- _Supplied material_
# # # #

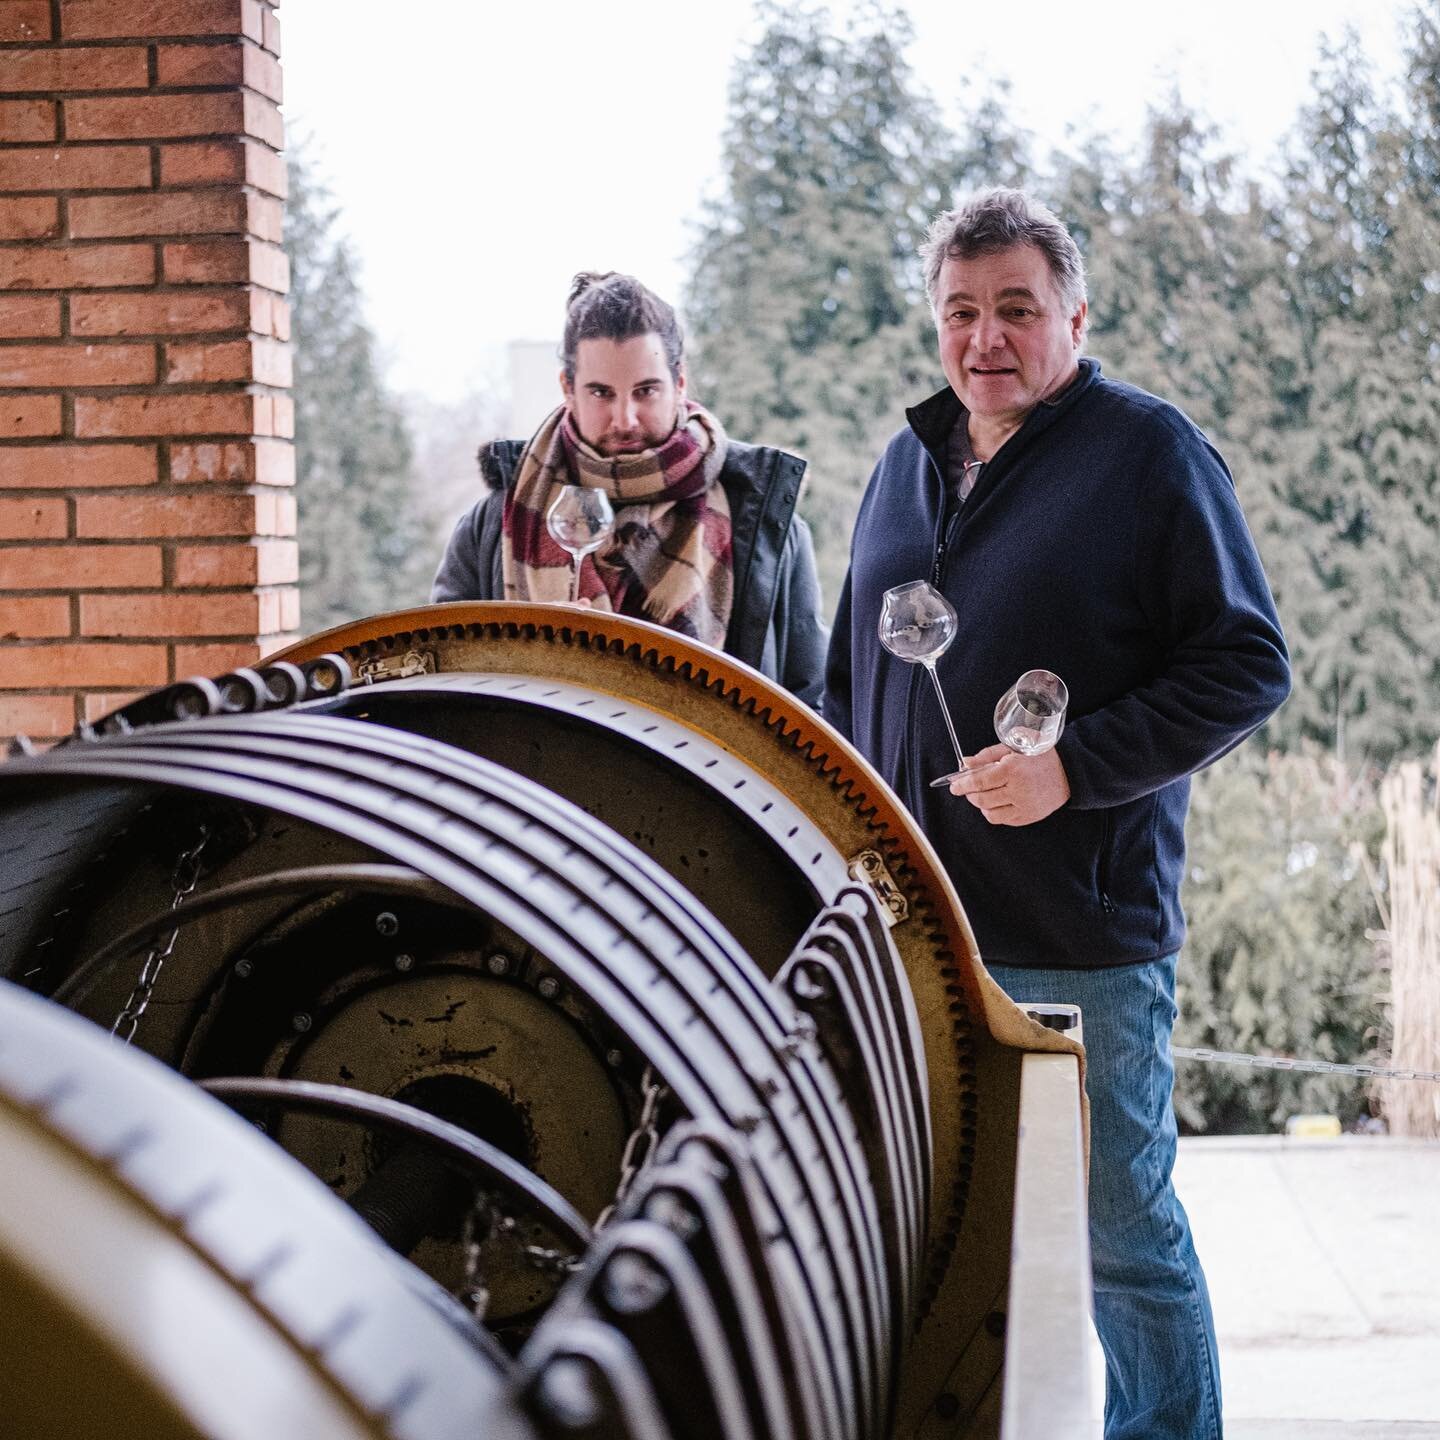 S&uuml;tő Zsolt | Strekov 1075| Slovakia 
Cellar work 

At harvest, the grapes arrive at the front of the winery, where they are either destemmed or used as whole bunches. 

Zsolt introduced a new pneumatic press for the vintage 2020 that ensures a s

# # # #

- _Work instructions_
Please write out the whole listing exactly, but not the pictures in it.

- _Solved problem_
 S&uuml;tő Zsolt | Strekov 1075| Slovakia 
Cellar work 

At harvest, the grapes arrive at the front of the winery, where they are either destemmed or used as whole bunches. 

Zsolt introduced a new pneumatic press for the vintage 2020 that ensures a s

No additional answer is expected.